Pseudomonas aeruginosa - грамотрицательная условно-патогенная бактерия, вызывающая различные острые и хронические инфекции у людей.
Из-за роста заболеваемости, сложности лечения и высокой смертности P. aeruginosa является серьезной проблемой и объектом клинического лечения. Обладая относительно большим бактериальным геномом, P. aeruginosa хорошо переносит и адаптируется к различным условиям окружающей среды и имеет естественную резистентность к различным антибиотикам, среди которых трудно поддающаяся лечению резистентная P. aeruginosa (DTR-PA) срочно нуждается в исследовании и разработке новых антибиотиков для борьбы с оппортунистическими инфекциями, вызванными DTR-PA.
Быстрое обнаружение и выяснение механизмов резистентности необходимы для своевременного лечения антибиотиками и мониторинга P. aeruginosa с множественной лекарственной резистентностью (MDR). В настоящее время секвенирование всего генома (WGS) стало передовым методом выявления антимикробной резистентности (AMR), однако клиническое применение WGS ограничено высокой стоимостью, высокими требованиями к образцам и техническими трудностями анализа. Применение анализа на чувствительность к антибиотикам (AST) для диагностики резистентных к противомикробным препаратам патогенов и их антибиограммы требует много времени, громоздких операций и имеет низкий процент положительных результатов, что не может удовлетворить клинические потребности.

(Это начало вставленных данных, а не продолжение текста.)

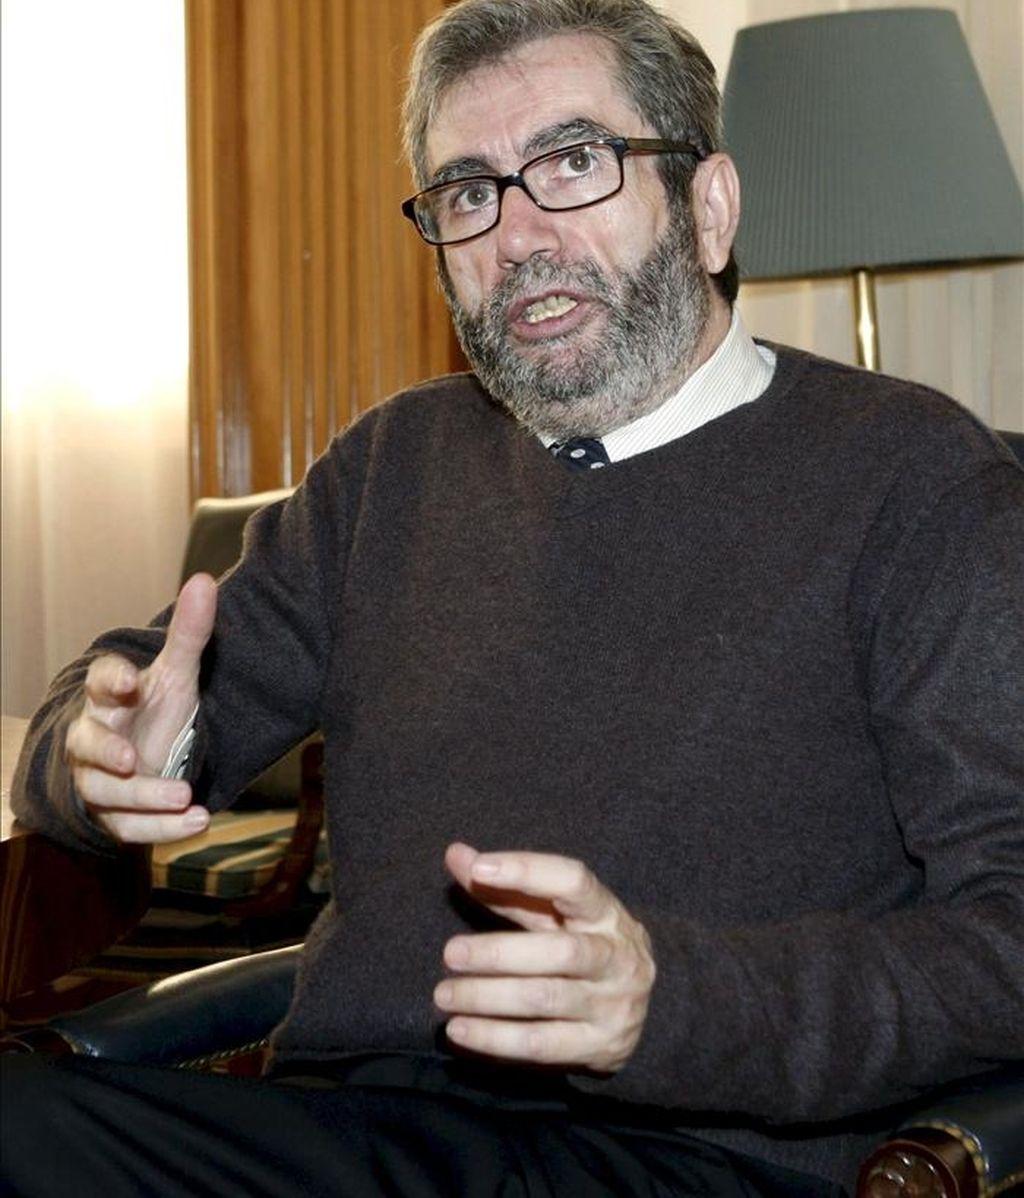 """Muñoz Molina, considerado uno de los autores de habla hispana más destacados de las últimas décadas, acaba de aterrizar en Buenos Aires para promocionar su más reciente novela, """"La noche de los tiempos"""". EFE/Archivo"""
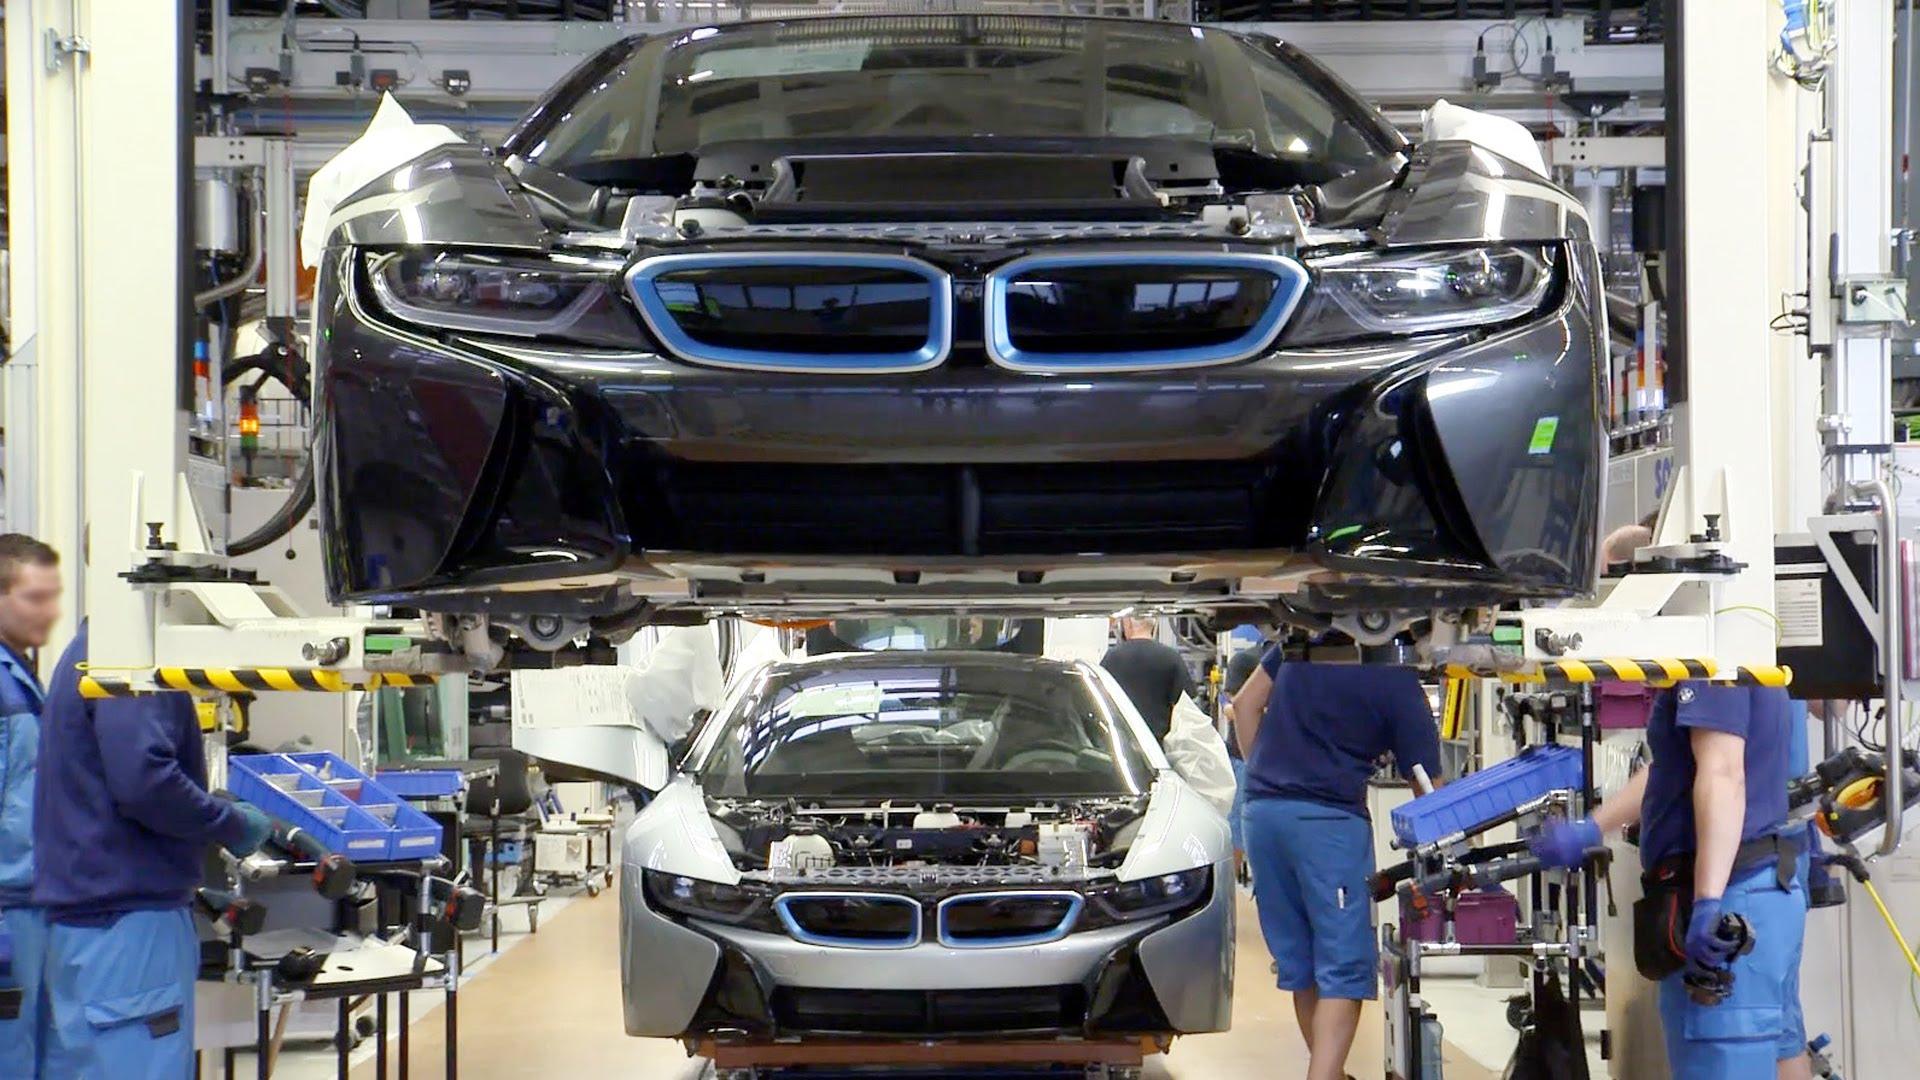 Γερμανία  Η στροφή στα ηλεκτρικά αυτοκίνητα απειλεί άμεσα 75.000 θέσεις  εργασίας  c8c3b92970d

Недавно технология метагеномного секвенирования следующего поколения (mNGS) позволила идентифицировать патогены и AMR-ассоциированные гены непосредственно из клинических образцов благодаря своей способности быстро диагностировать невыясненные инфекции. Таким образом, учитывая сложные механизмы резистентности и высокую распространенность вариантозависимой резистентности DTR-PA, возможно предсказать фенотипы резистентности DTR-PA путем выявления AMR-ассоциированных генов с помощью mNGS. Hu и Zhao (2023) сообщили, что среднее время получения результатов AST на основе NGS для клинических образцов составило 19,1 часов, что значительно сократило время получения результатов традиционной технологии определения чувствительности к лекарственным препаратам.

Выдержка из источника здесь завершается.